_WORK INSTRUCTION_: Retype all data exactly as given. Pictures should not be retyped.

_RECORDED DATA_:
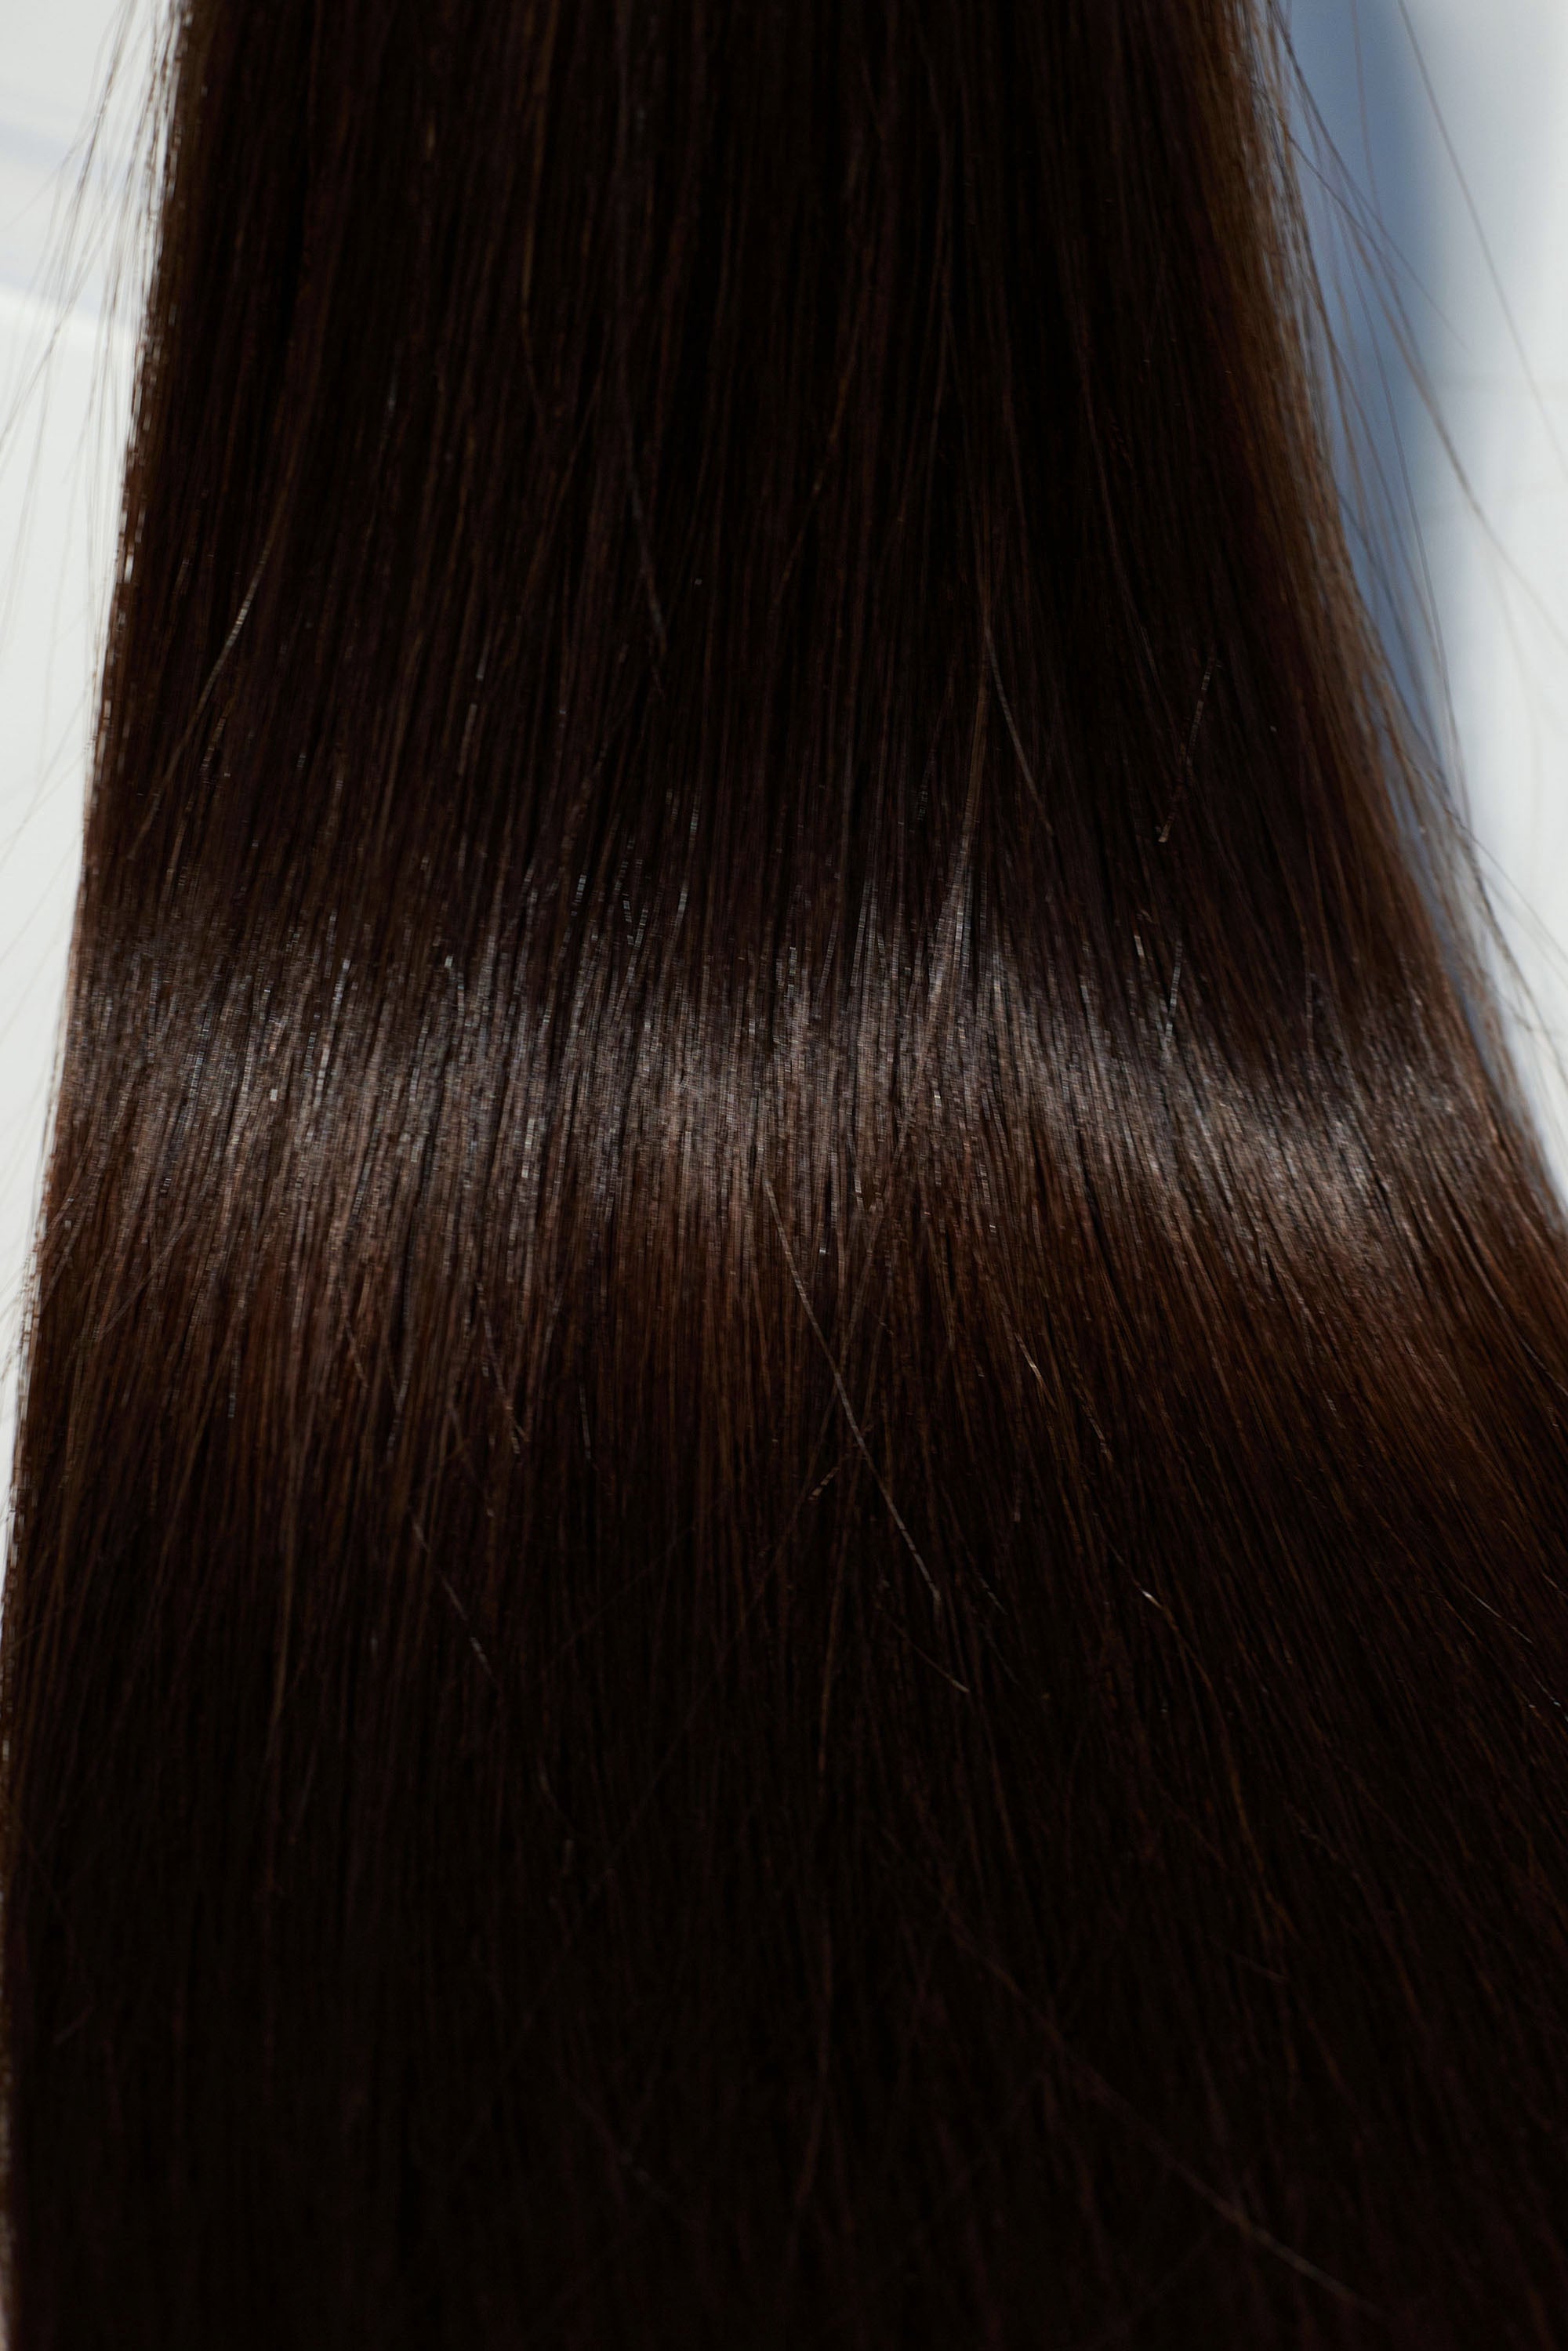 Behair professional Bulk hair "Premium" 18" (45cm) Natural Straight Dark Coffee Brown #2 - 25g hair extensions
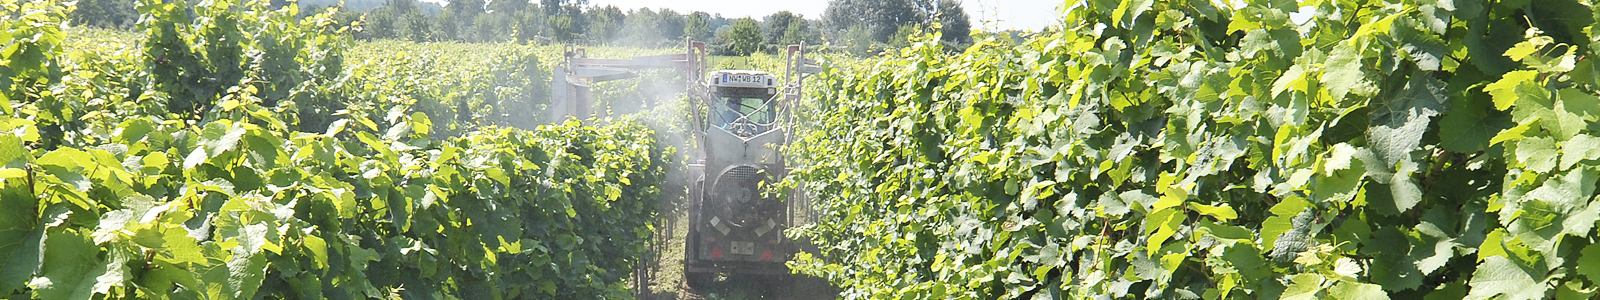 Traktor spritzt mit Weinbergsspritze in Rebzeilen ©DLR
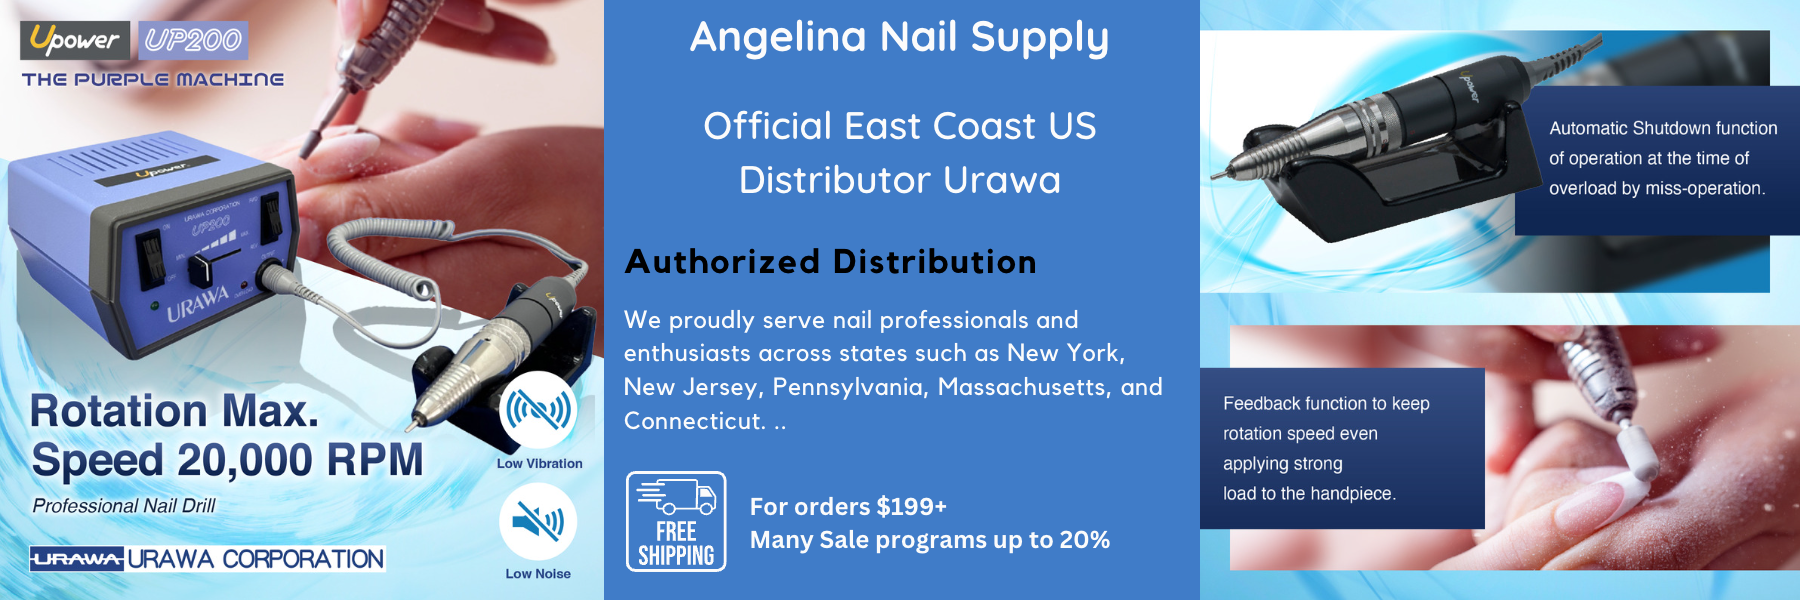 uarawa_up_200_header - Angelina Nail Supply NYC
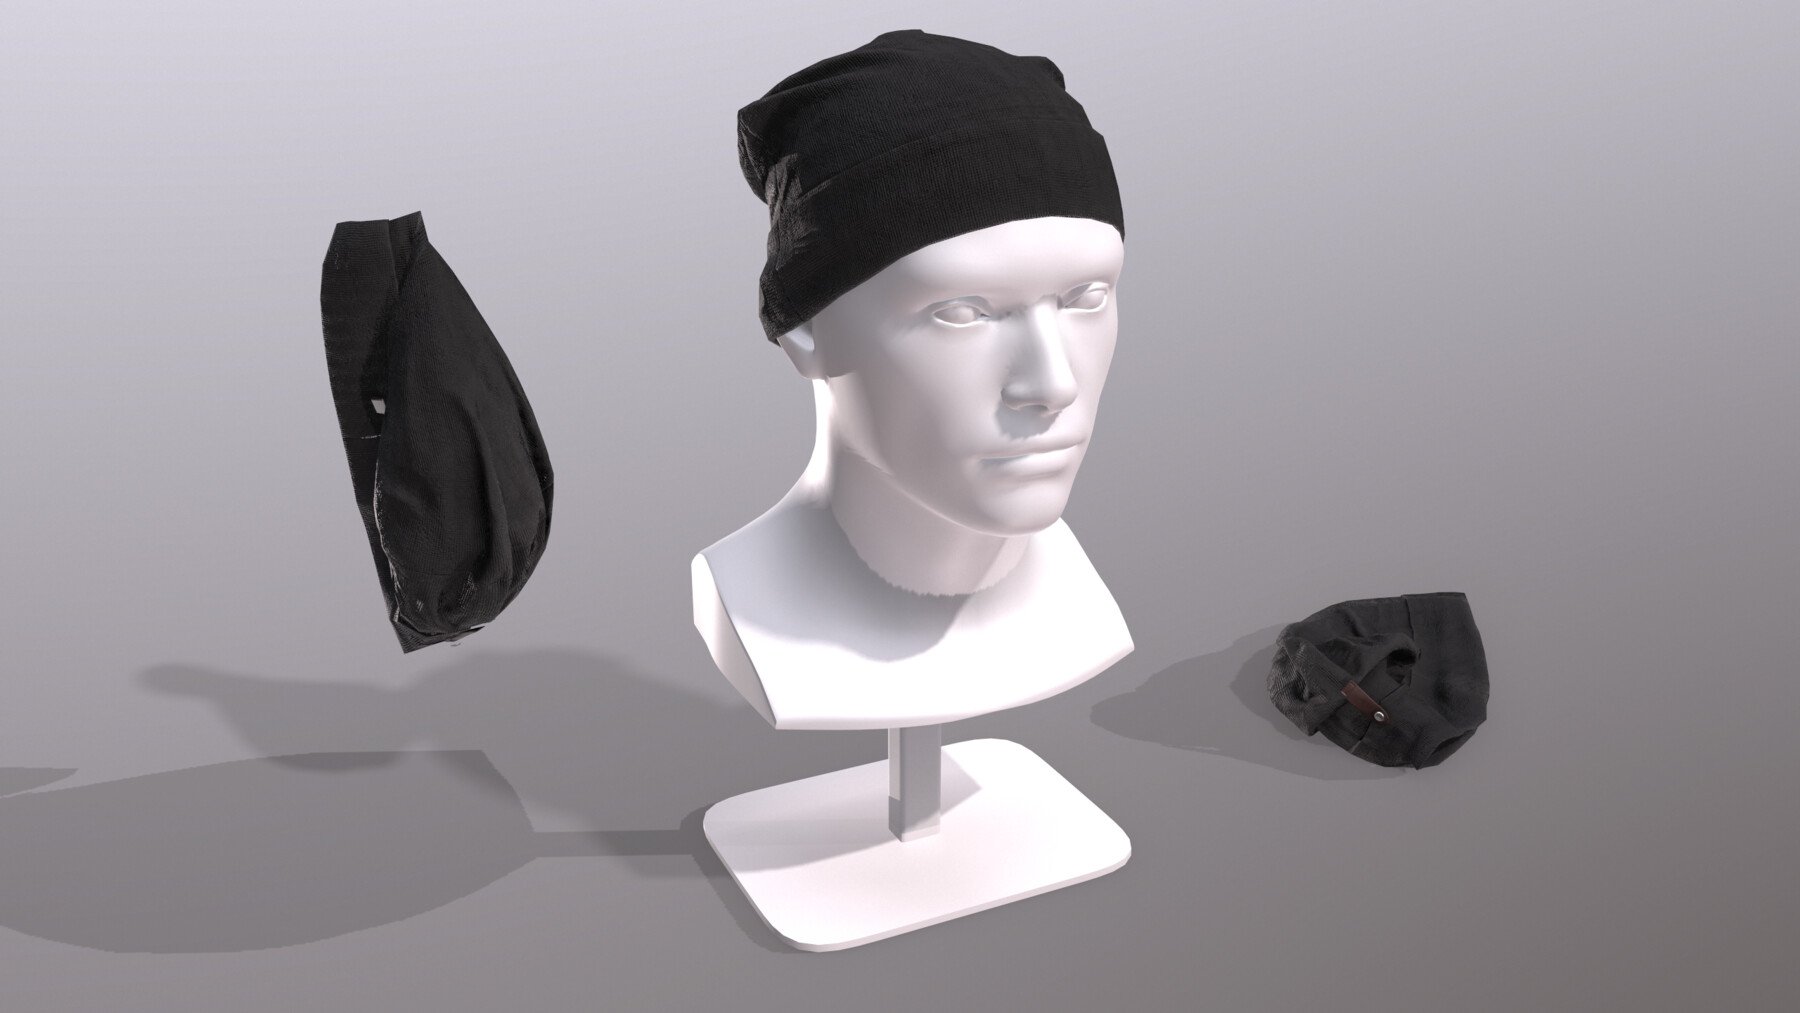 ArtStation - Marvelous Designer Beanie Hat

_SOLUTION TO THE EXERCISE_:
 Behair professional Bulk hair "Premium" 18" (45cm) Natural Straight Dark Coffee Brown #2 - 25g hair extensions
 Traktor spritzt mit Weinbergsspritze in Rebzeilen ©DLR
 uarawa_up_200_header - Angelina Nail Supply NYC
 ArtStation - Marvelous Designer Beanie Hat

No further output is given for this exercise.